Converts 2D (m,n) image/array to xyz coordinates. Used for plane levelling


source

xyz2image

 xyz2image (xyz)

Helper to convert back from xyz (n,3) arrays to (M,N) image/matrices

Details
xyz (n,3) shape array
im_xyz = image2xyz(image)
im_xyz[:5]
array([[ 0.        ,  0.        , -0.89188266],
       [ 1.        ,  0.        , -0.8919338 ],
       [ 2.        ,  0.        , -0.89193225],
       [ 3.        ,  0.        , -0.89193505],
       [ 4.        ,  0.        , -0.89192402]])

Levelling and Form Removal

In order to perform roughness calculations it is recommended to level the data and remove the underlying form.This produces a S-F surface from the primary surface if we are using Standards terms. Because surfaces are always digitized and discretized in some way, the actual surface has to be modelled using some function. ISO software standards recommend using a Bicubic spline to remove the form. Because the function is an assumption, the user should choose their function based on their scientific knowledge of the surface and the goals of their research. Multiple functions can be tested and the results observed. Here I provide a least-squares solution to the problem, computing the results in the same shape as the original image and subtract them.

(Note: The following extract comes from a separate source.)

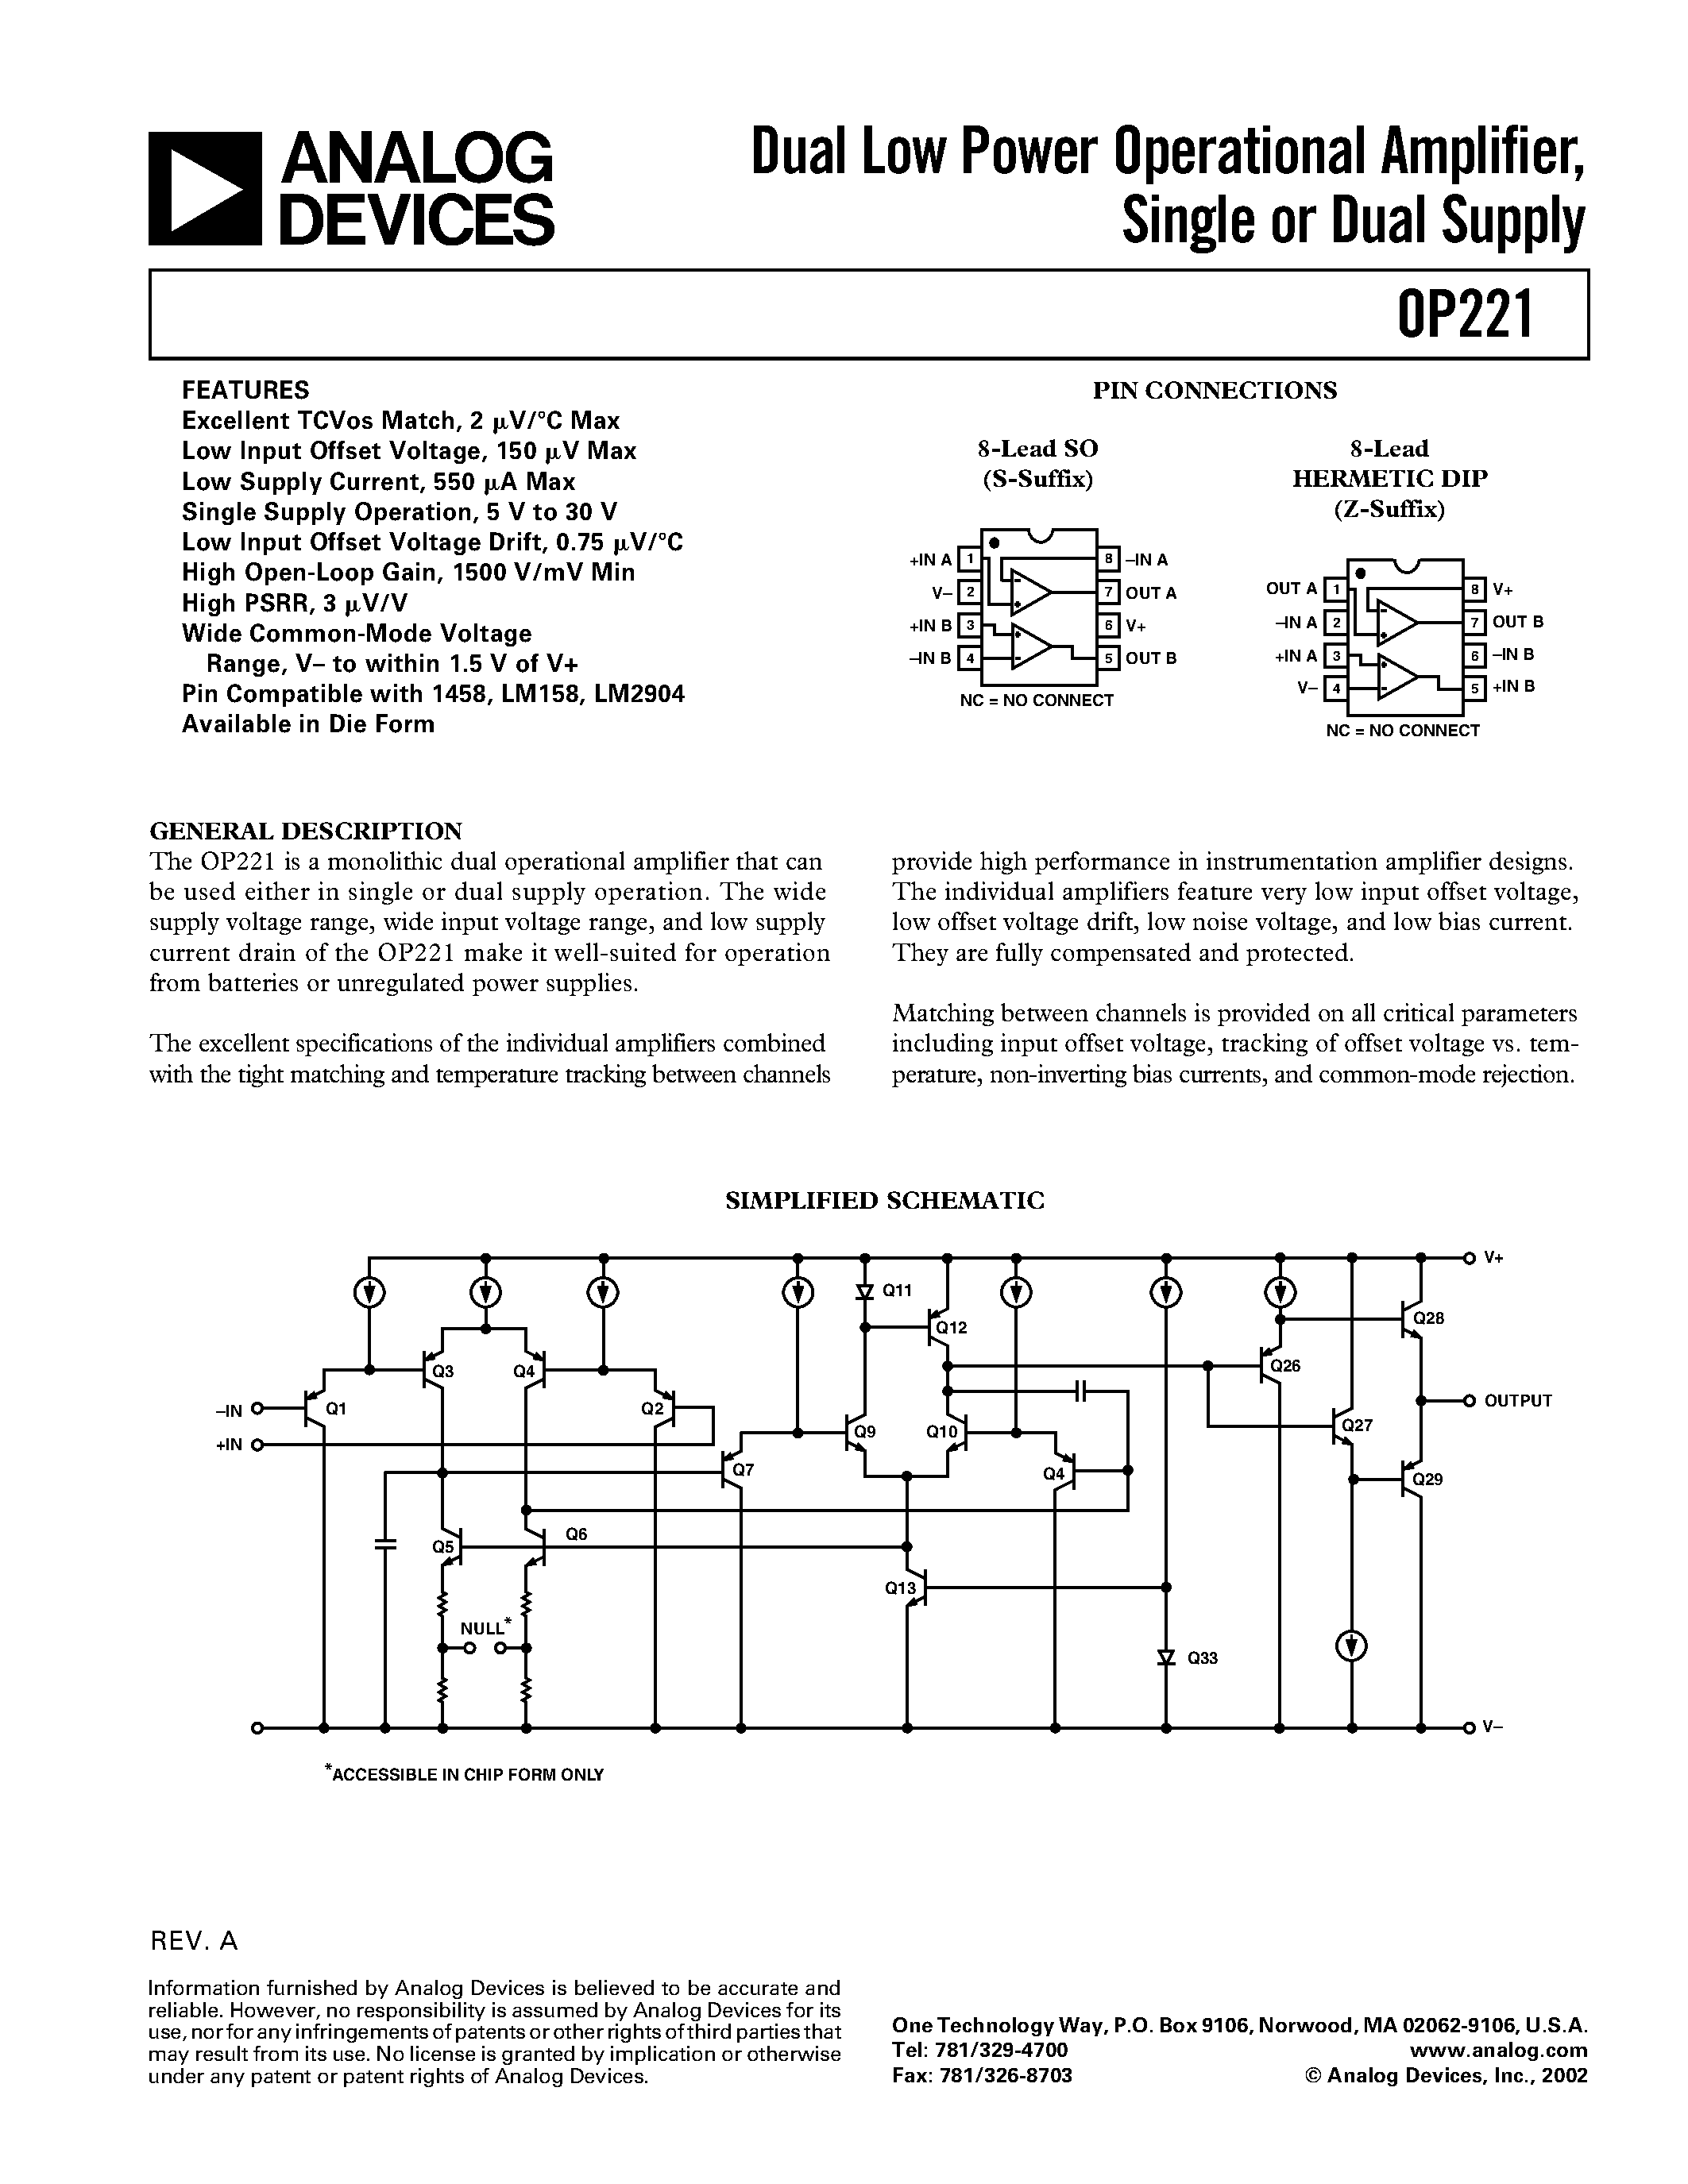 Даташит OP221 - Dual Low Power Operational Amplifier / Single or Dual Supply страница 1

With the underlying form modeled, the funciton can be sampled from to generate a larger number of samples.


source

remove_form

 remove_form (im, degree=3, return_form=False)

Remove the form of the raster by fitting a polynomial of specified degree and subtracting it.

Type Default Details
im 2D Numpy array or array like
degree int 3 Polynomial degree to remove
return_form bool False Return the form/computed polynomial values instead of removing them from im

source

plane_level

 plane_level (im, norm=True, return_form=False)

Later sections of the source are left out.